Avowed white supremacist sentenced to second life term in Charlottesville car attack
CHARLOTTESVILLE, Va. (AP) — An avowed white supremacist was sentenced to life plus 419 years on state charges Monday for deliberately driving his car into anti-racism protesters during a white nationalist rally in Virginia.
James Alex Fields Jr., 22, received the sentence for killing one person and injuring dozens during the "Unite the Right" rally in Charlottesville on Aug. 12, 2017.
Last month, Fields received a life sentence on 29 federal hate crime charges.
Charlottesville Circuit Court Judge Richard Moore followed a state jury's recommendation in handing down the sentence. Under state law, he was allowed to go lower than the recommendation, but not higher.
"Mr. Fields, you had choices. We all have choices," Moore said. "You made the wrong ones and you caused great harm. ... You caused harm around the globe when people saw what you did."
The state sentence is mainly symbolic given that Fields was already sentenced to life on the federal charges.

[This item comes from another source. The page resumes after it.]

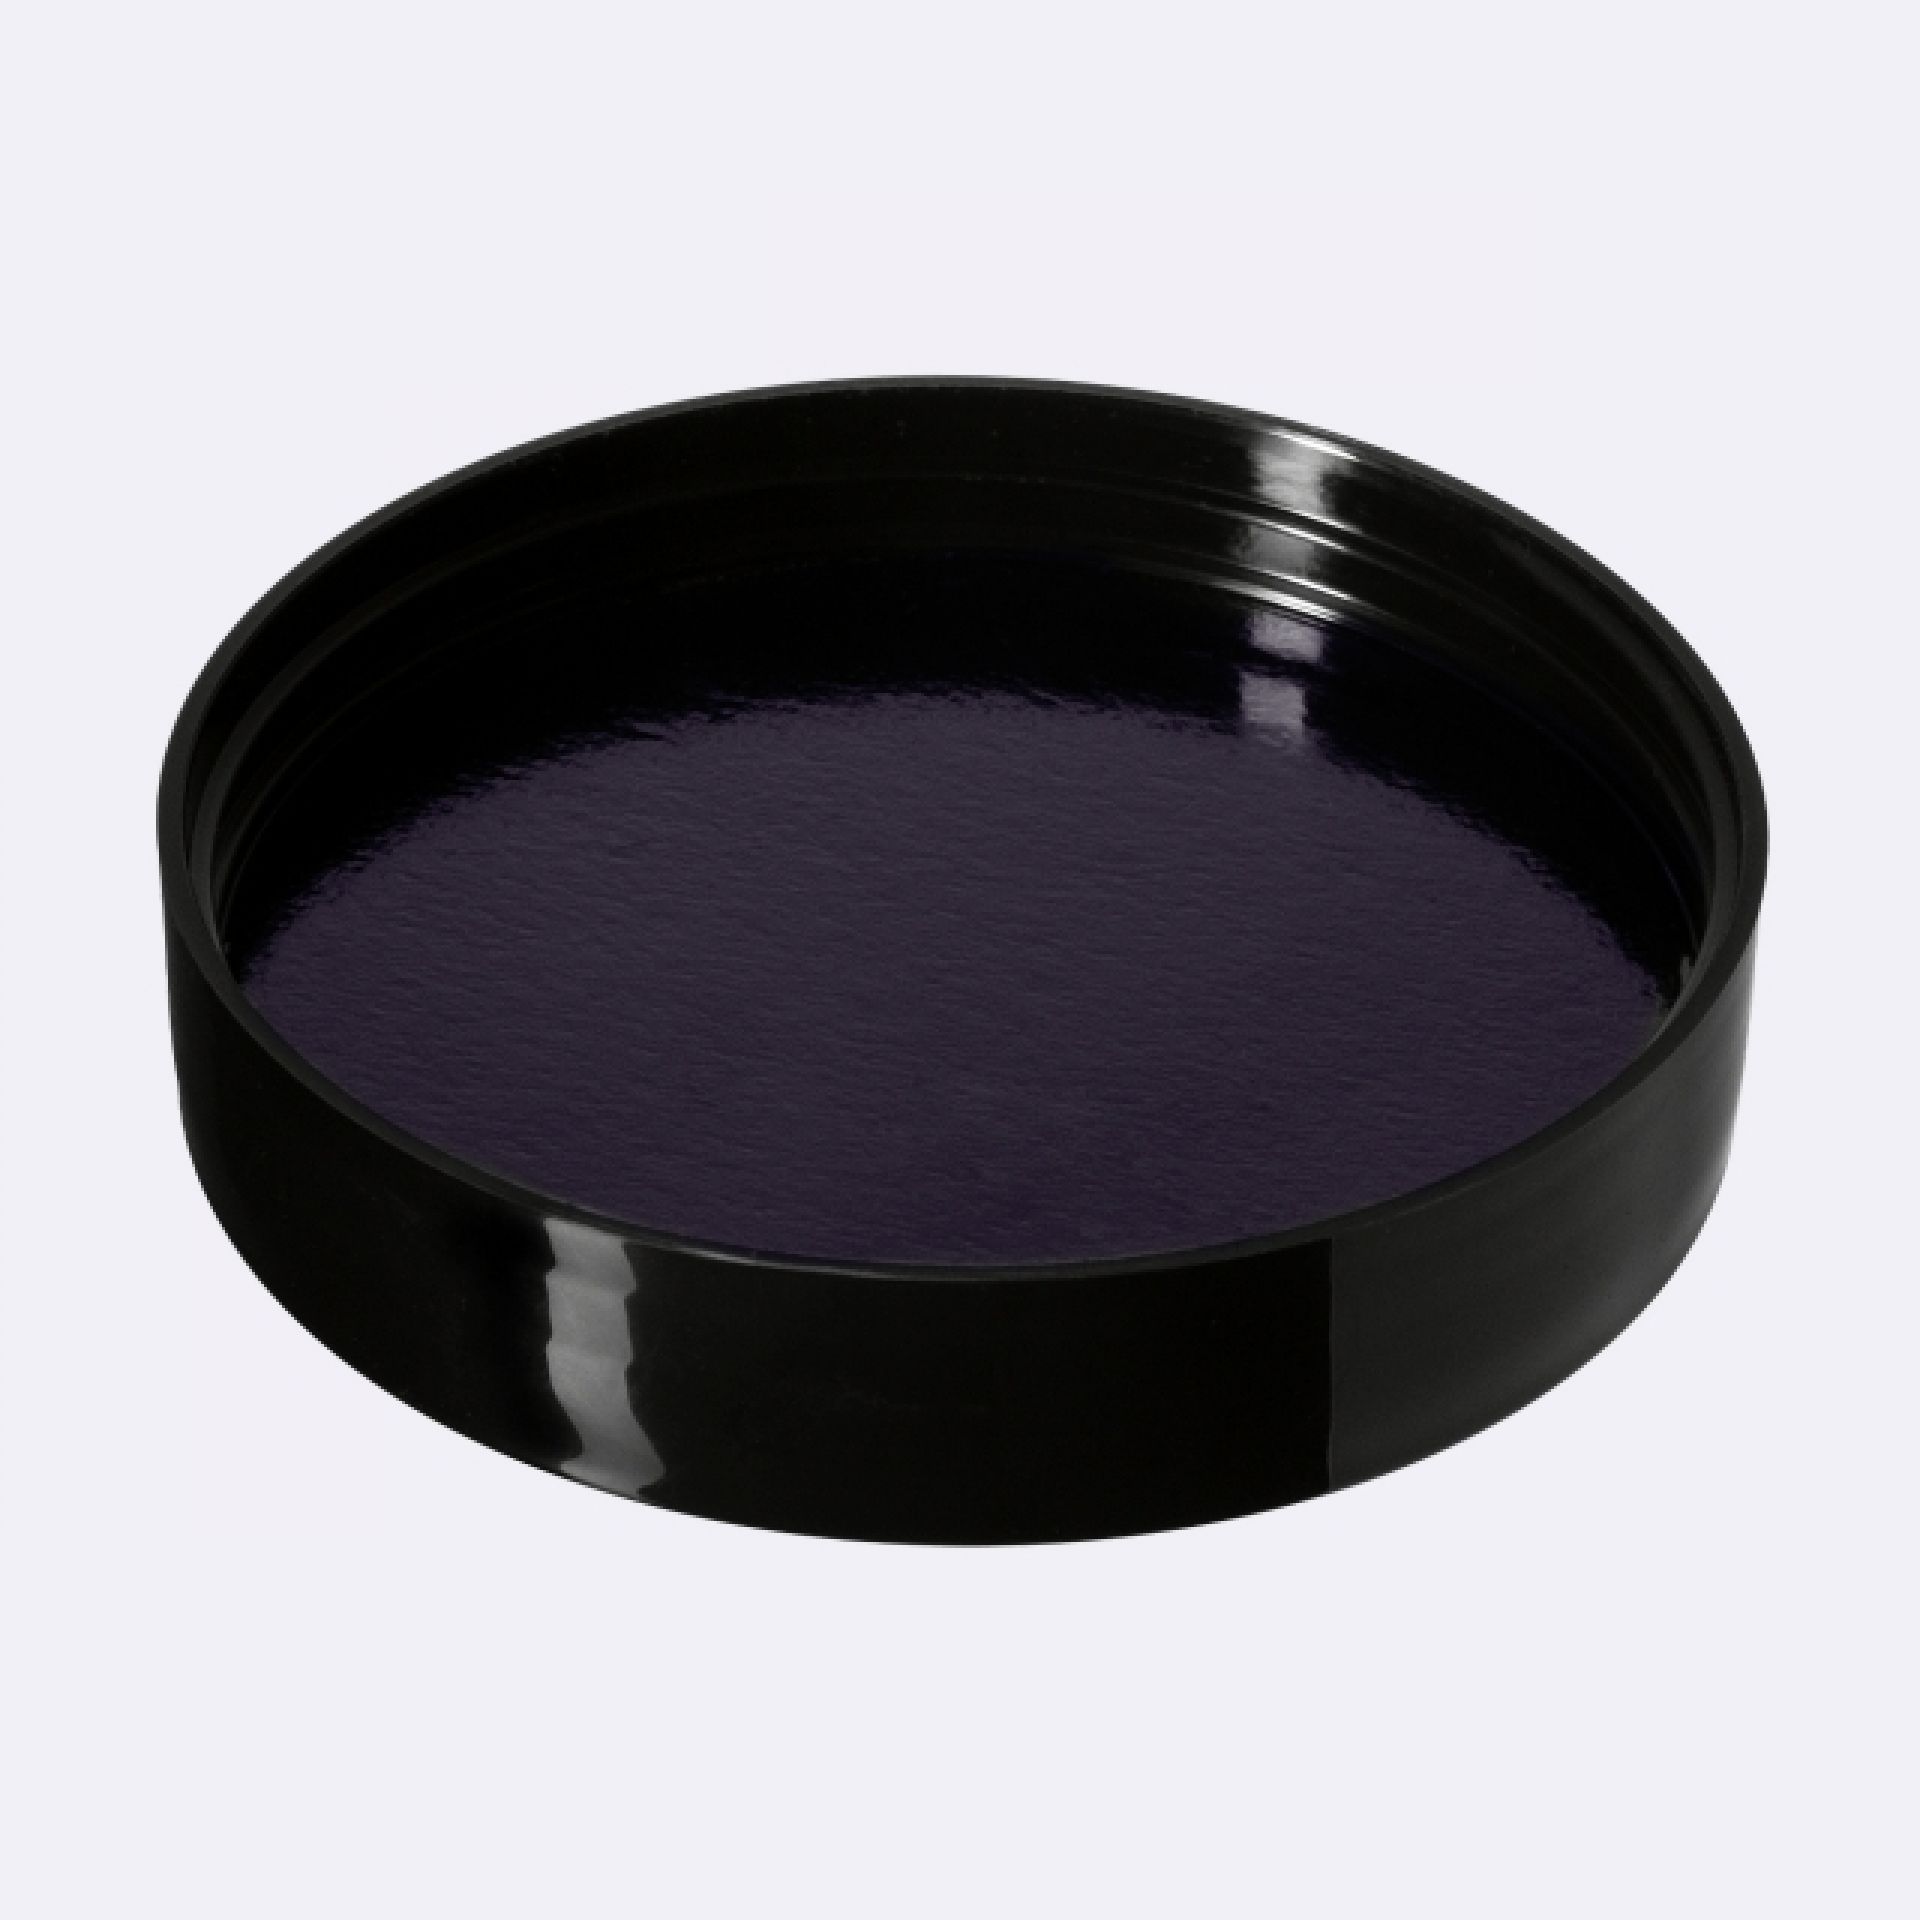 Lid Modern 87 special, PP, black, glossy finish, violet Phan inlay (Sirius 200)

"For his purposes, he has one life to give, so this is a largely academic exercise," noted Jonathan Turley, a law professor at George Washington University.
Fields, an avowed white supremacist who kept a photo of Adolf Hitler on his bedside table, drove from his home in Maumee, Ohio, to attend the rally, which drew hundreds of white nationalists to Charlottesville to protest the planned removal of a statue of Confederate Gen. Robert E. Lee. The event also drew counterprotesters who demonstrated against the white nationalists.
Violent skirmishes between the two sides prompted police to declare an unlawful assembly and to order the groups to disband before the rally could even begin. Later that day, Fields plowed his car into a crowd of counterprotesters, killing Heather Heyer, 32, and injuring more than two dozen others.
The event stirred racial tensions around the country. President Donald Trump sparked controversy when he blamed the violence at the rally on "both sides," a statement that critics saw as a refusal to condemn racism.
During Fields' state trial, his attorneys focused on his history of mental illness and traumatic childhood.